For estimated times, the only useful data is the time to completion, e.g. 24 minutes. But this changes frequently; a better idea for long-style progress indicators is to display the time of completion, e.g. that it will finish at 3:00 PM today. Calendars are better than ETA's because they let us plan in advance and think about all of life's routines as opposed to the task at hand. There's some debate over whether a clock time is shorter. In practice, estimates will be inexact, and you'll need a confidence interval. So far I haven't seen anybody implement progress estimation using anything approaching statistics... It's really the only way to display time; the progress bar is useless, because it only shows how much time the user has sunk in already. Even in an early study on progress bars, the suggestion is made to display a simple time estimate instead of a progress bar.
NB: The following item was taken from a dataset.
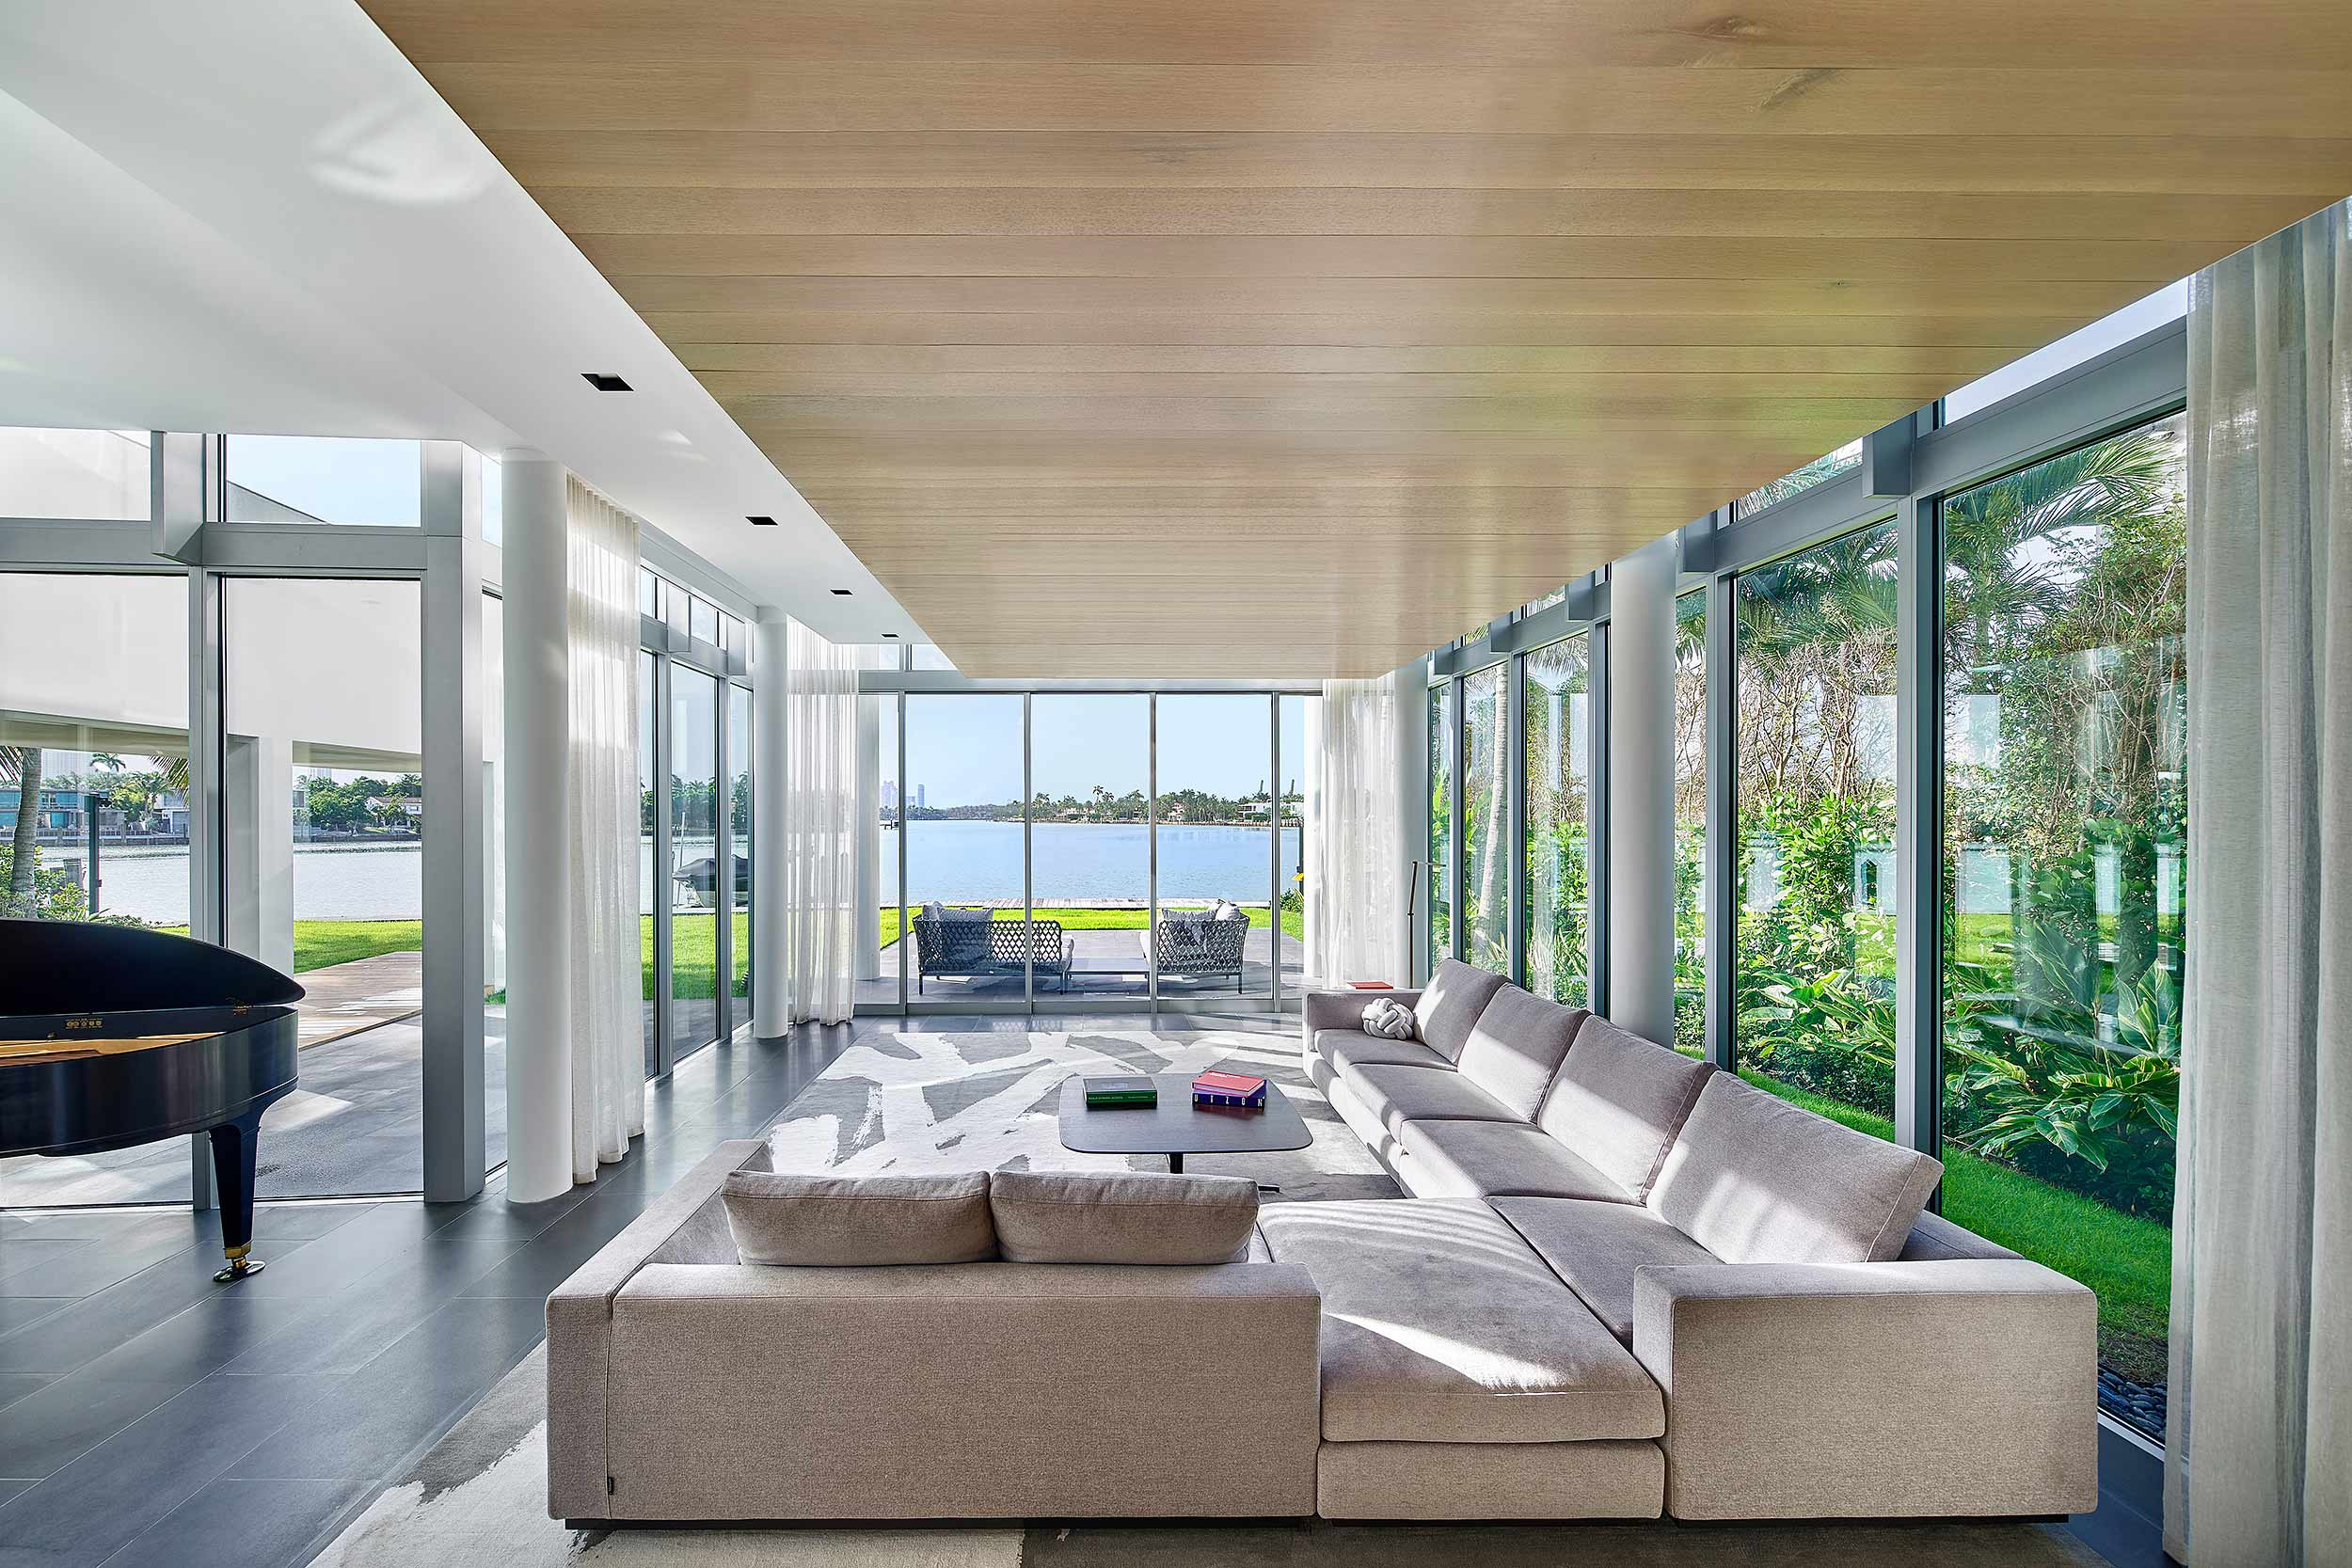 Private Residence Bohlin Cywinski Jackson Miami Beach, FL

Technology hijacks people's minds; is watching a progress bar tick really the best use of their time? Optimizing for software satisfaction leads to hidden costs in other areas of life.
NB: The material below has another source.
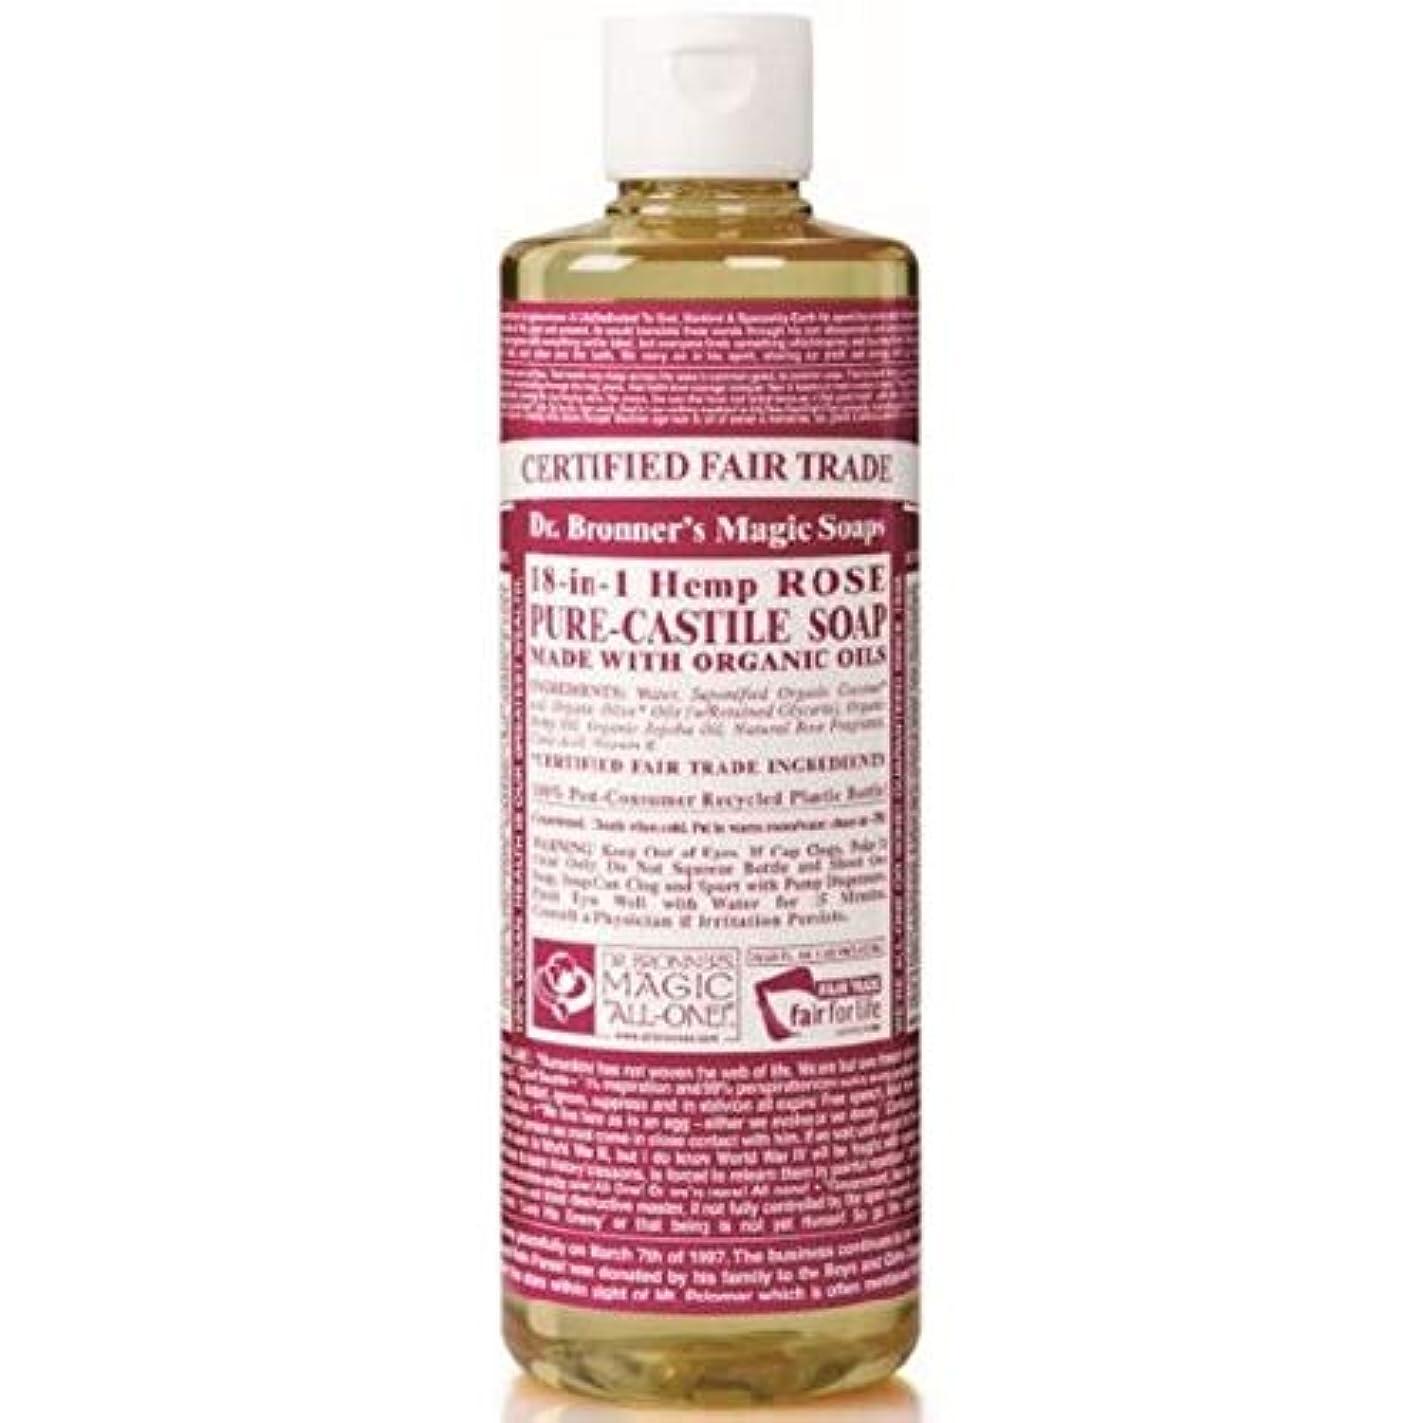 うんブラケット苦しみ[Dr Bronner] Dr。ブロナーズ有機バラカスティーリャ液体石鹸237ミリリットル - Dr. Bronner's Organic Rose Castile Liquid Soap 237ml [並行輸入品]

Corroborating evidence comes from a study of keyboard vs mouse: the mouse was easy to use and was objectively faster, but, due to its low cerebral engagement, was rated poorly by users. On the other hand, the keyboard required remembering complex shortcuts, which took significant cognitive processing. But this time was ignored in subjective evaluations, resulting in users thinking that the keyboard was faster. User satisfaction would be optimized by keyboards. But user productivity would be optimized by mice. But, only in the short term; more recent studies suggest that, with experience, keyboard shortcuts are faster than the mouse. So the choice is best phrased as an investment decision: spend more time now for a better memory later, or walk away quickly and cut your losses.
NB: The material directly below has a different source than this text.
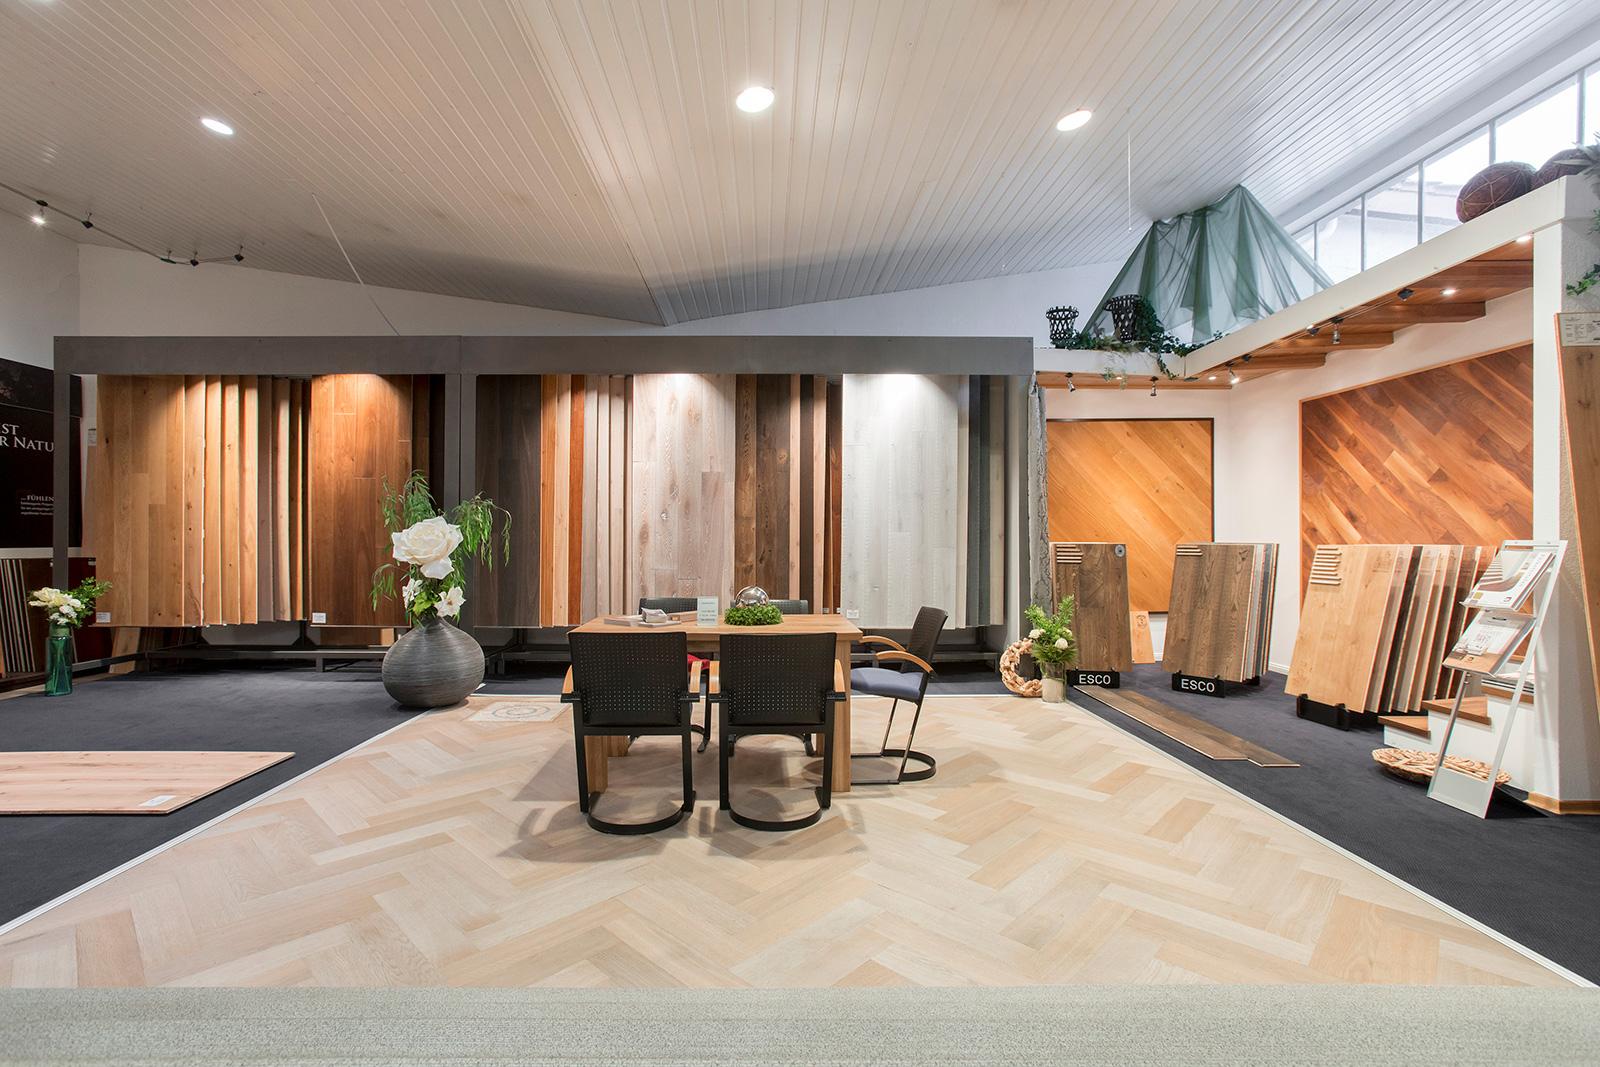 Fußboden Qualität ~ Fußboden kaufen sie vielfalt und qualität schäfers fußboden

Obviously, if the software will take several days to complete, it is pretty much impossible to remain engaged and you should always switch tasks. Similarly if it's below the threshold 0.1 seconds then maintaining flow is paramount. But in between, we enter a much more complex world than a simple progress indicator. Questions like: How should users spend their attention? Is frequent task-switching a good idea?

Model for why spinners reduce attention span:

• the animated spinning engages the user's attention
• the default-mode network is thus less active, fires less often, and so it feels as if not much time has passed
• the timing from the motor network fires more often to track the on-screen activity

A solution for semi-autonomous vehicles

Today, there are many discussions around self-driving cars and whether they can be trusted to take over from people. Although researchers are working hard to change this question into the reverse ("Why should humans drive when the computers do it so much better?"), there will (probably) always be a need for manual driving; for example, the car would have to be driven by hand to the repair shop when an important sensor breaks.

The problem, of course, is that if the car is doing most of the driving, then humans will be unprepared for the rare occurrence when it does not. The most fanciful depiction of this is probably the Disney movie WALL-E; the humans have retreated to self-driving floating armchairs, and barely even recall how to walk. As shown in that movie, though, the situation is unstable; if the systems stop working, which in WALL-E's case was as simple as a new robot bumping into one of the chairs, humans are adaptable enough to learn complex control systems on-the-fly and take back control.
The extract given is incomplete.